What analysts are saying
Industry observers are linking the surge to a blend of on-chain monetization, institutional interest, and a broader shift in crypto-equity dynamics. In particular, THYP’s early outperformance has drawn attention from ETF researchers and fund managers alike, suggesting a potential longer-term reweighting toward Hyperliquid’s ecosystem among diversified crypto exposure.
Market participants are watching as a16z-linked positions and Goldman Sachs disclosures illustrate the growing involvement of traditional finance players in strategies tied to Hyperliquid. While these exposures may not translate into immediate price moves, they contribute to a perception that the project has crossed a boundary from niche DeFi to broader asset-market relevance.
Bigger picture
The current price action sits at the intersection of DeFi expansion, ETF-driven investment cycles, and the evolving regulatory backdrop for crypto assets. Hyperliquid’s buyback-driven supply dynamics—where most protocol fees feed into buying HYPE on the market—aim to create a deflationary bias that can complement rising demand from institutions and funds. In the near term, the key question for investors is whether the momentum can sustain through the next round of liquidity tests and whether the $75–$77 region proves a robust magnet for new positions or a natural pause point for consolidation.

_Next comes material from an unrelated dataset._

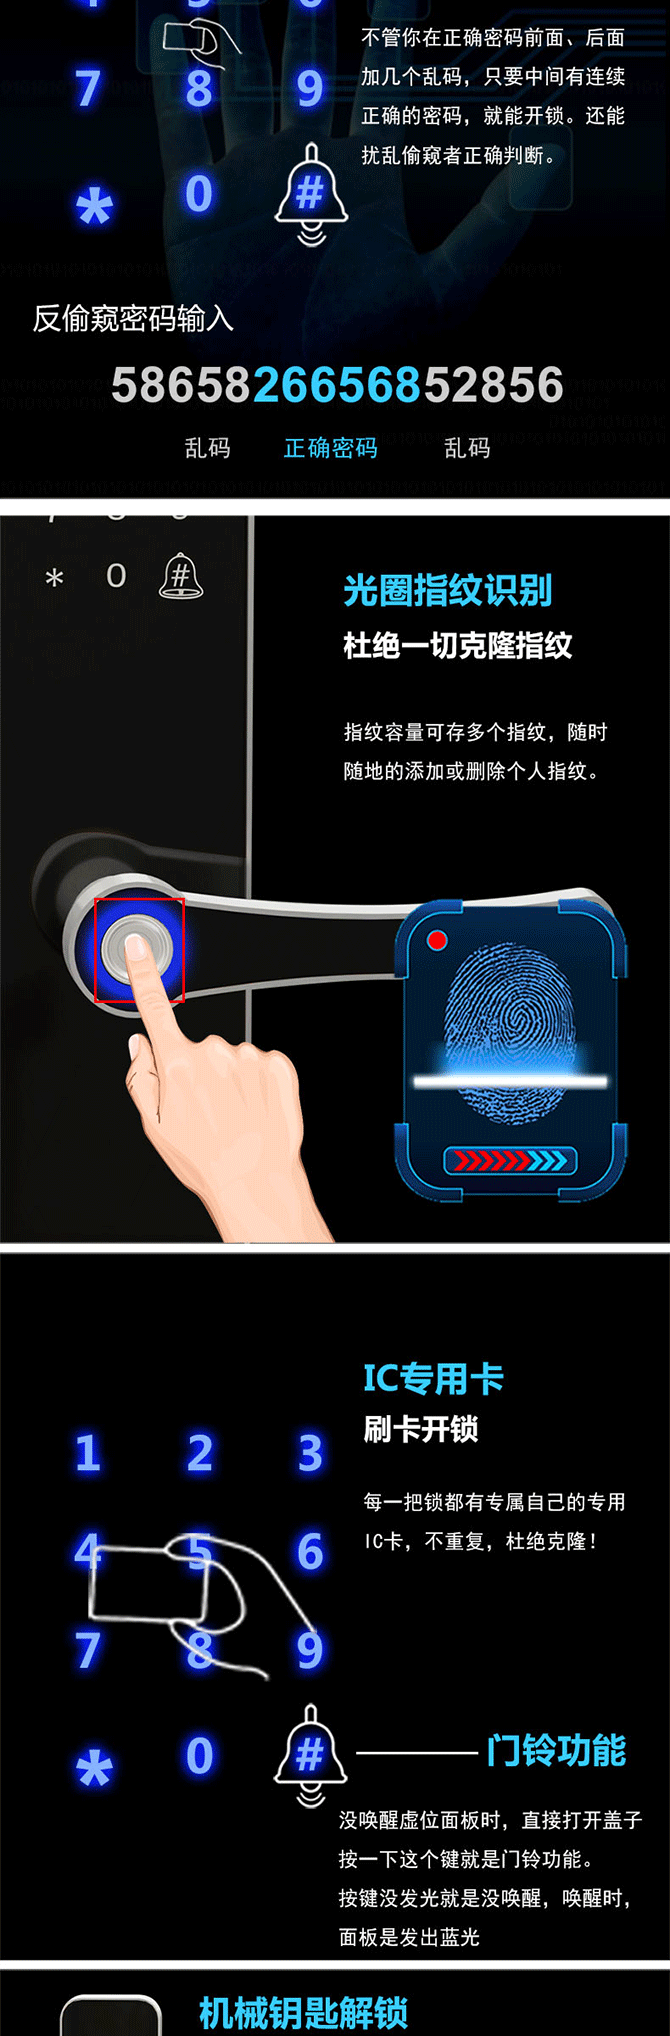 卓居智能锁 JR-311智能门锁

Overall, the focus remains on whether Hyperliquid can maintain its growth trajectory as it widens its use cases beyond derivatives, bolstering on-chain revenue streams and attracting continued institutional interest. If the ecosystem can translate prediction-market traction into sustained trading volume and more efficient capital allocation on the platform, HYPE could extend its current rally; otherwise, investors may look for a period of consolidation as momentum challenges align with broader risk sentiment.
The latest developments were originally reported by Invezz and are being cited here with data corroborated by market trackers and regulatory filings. Investors should monitor key price thresholds and regulatory signals as the market digests these catalysts in the weeks ahead.